UNITED STATES DISTRICT COURT FOR THE WESTERN DISTRICT OF WISCONSIN
Dec 4, 2017
11-cv-779-bbc (W.D. Wis. Dec. 4, 2017)

Opinion

11-cv-779-bbc

12-04-2017

PAMELA HERRINGTON, individually and on behalf of all other similarly situated persons, Plaintiffs, v. WATERSTONE MORTGAGE CORPORATION, Defendant.


OPINION AND ORDER

Plaintiff Pamela Herrington filed this proposed class action under the Fair Labor Standards Act and state law, alleging that defendant Waterstone Mortgage Corporation failed to pay its loan officers for overtime work. Shortly thereafter, defendant moved to dismiss or stay the action on the ground that plaintiff's claims were subject to arbitration. In an order dated March 16, 2012, dkt. #57, I concluded that plaintiff's claims would have to be resolved through arbitration under an agreement between the parties, but that the National Labor Relations Act gave plaintiff the right to join other employees in her case. I closed the case administratively to allow the parties to proceed with arbitration.

Plaintiff commenced arbitration on March 23, 2012. George Pratt, a former judge for the Court of Appeals for the Second Circuit, was chosen as arbitrator. Arbitrator Pratt issued an order determining that the arbitration could proceed as a collective action. Ultimately, 174 class members opted into the arbitration. While arbitration was pending, I denied several motions by defendant seeking review of the arbitrator's decisions and of this court's initial order regarding arbitration.
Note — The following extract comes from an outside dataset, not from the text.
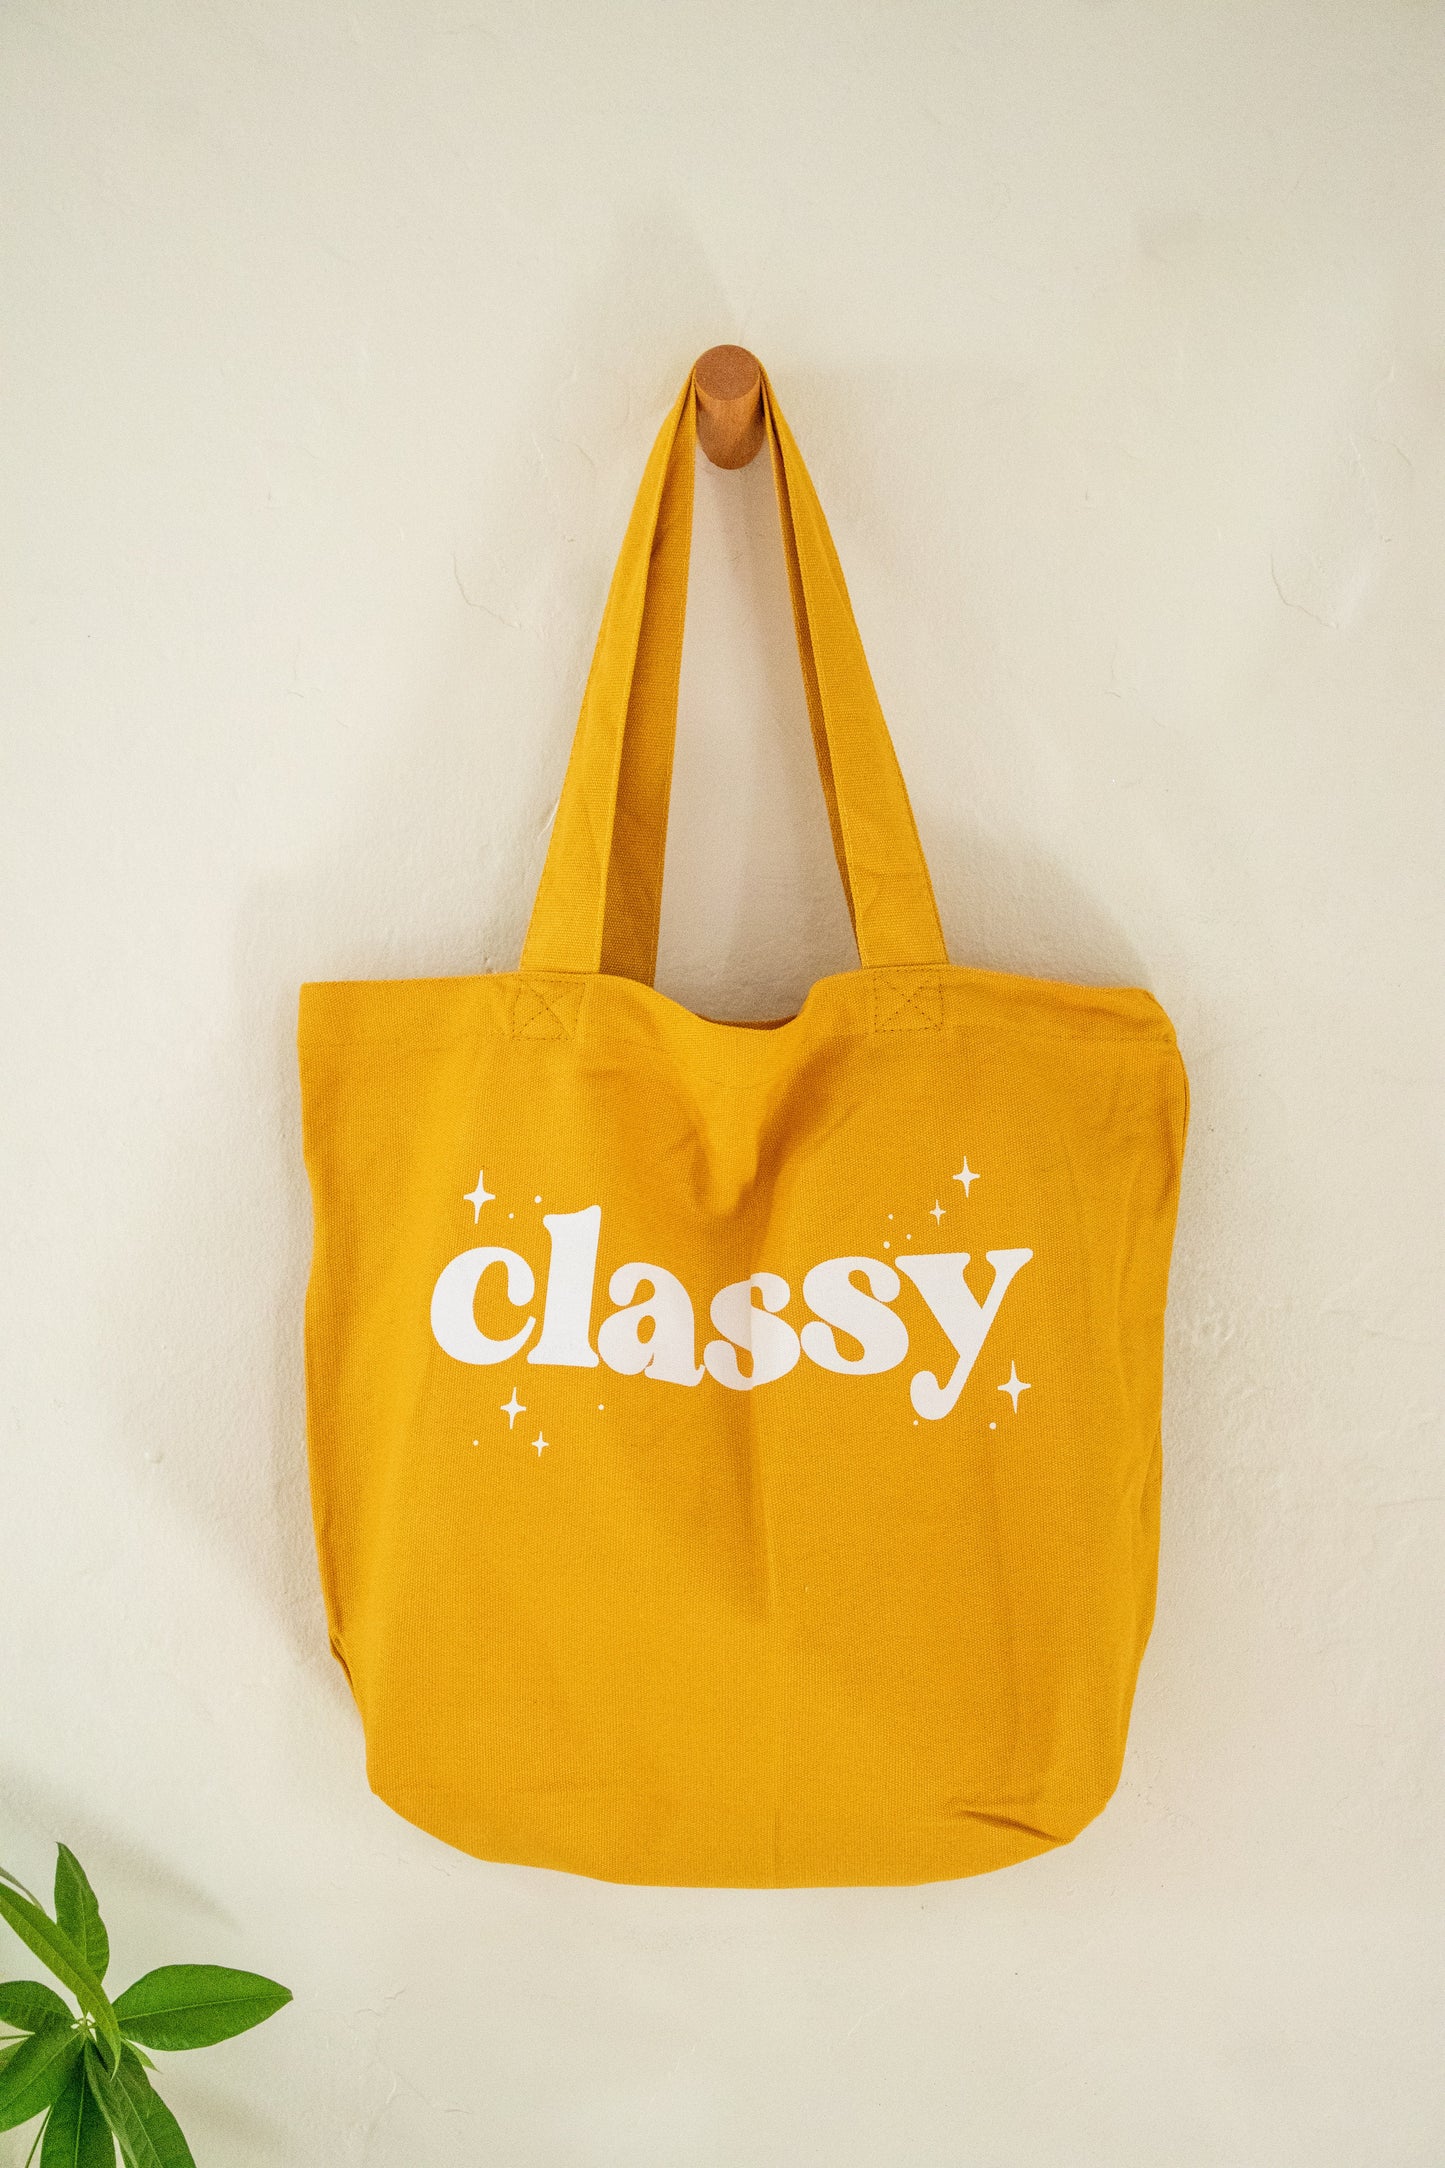 Classy Tote Bag

Dkt. ##72, 89, 92, 97. The arbitrator issued several interim orders relating to liability and held a hearing in two parts on October 17, 19-21, 2016, and December 20-21, 2016. On July 5, 2017, the arbitrator issued a final decision, holding that defendant was liable under the Fair Labor Standards Act for unpaid minimum wages and overtime and attorney fees and costs, but not liable under Wisconsin statutory or contract law. Arbitrator Pratt ordered that defendant owed $7,267,919.00 in damages, $3,318,851.00 in attorney fees and costs and an incentive fee in the sum of $20,000 to be paid to named plaintiff Herrington.

Now before the court are several motions relating to the arbitrator's final award. Plaintiff has moved for confirmation of the award under 9 U.S.C. § 9, dkt. #99, while defendant has moved to vacate or modify the award. Dkt. #112. Plaintiff has moved for sanctions against defendant, arguing that defendant's objections to confirmation of the award are frivolous. Dkt. #125. Finally, defendant has moved to stay any action relating to the award until the United States Supreme Court reaches a decision in the consolidated cases of Ernst & Young, LLP v. Morris, 137 S. Ct. 809 (2017); Epic Systems Corp. v. Lewis, 137 S. Ct. 809 (2017); and National Labor Relations Board v. Murphy Oil USA, Inc., 137 S. Ct. 809 (2017) (collectively "Morris"), in which the Court is considering whether class and collective action waivers in arbitration agreements violate the National Labor Relations Act. Dkt. #118.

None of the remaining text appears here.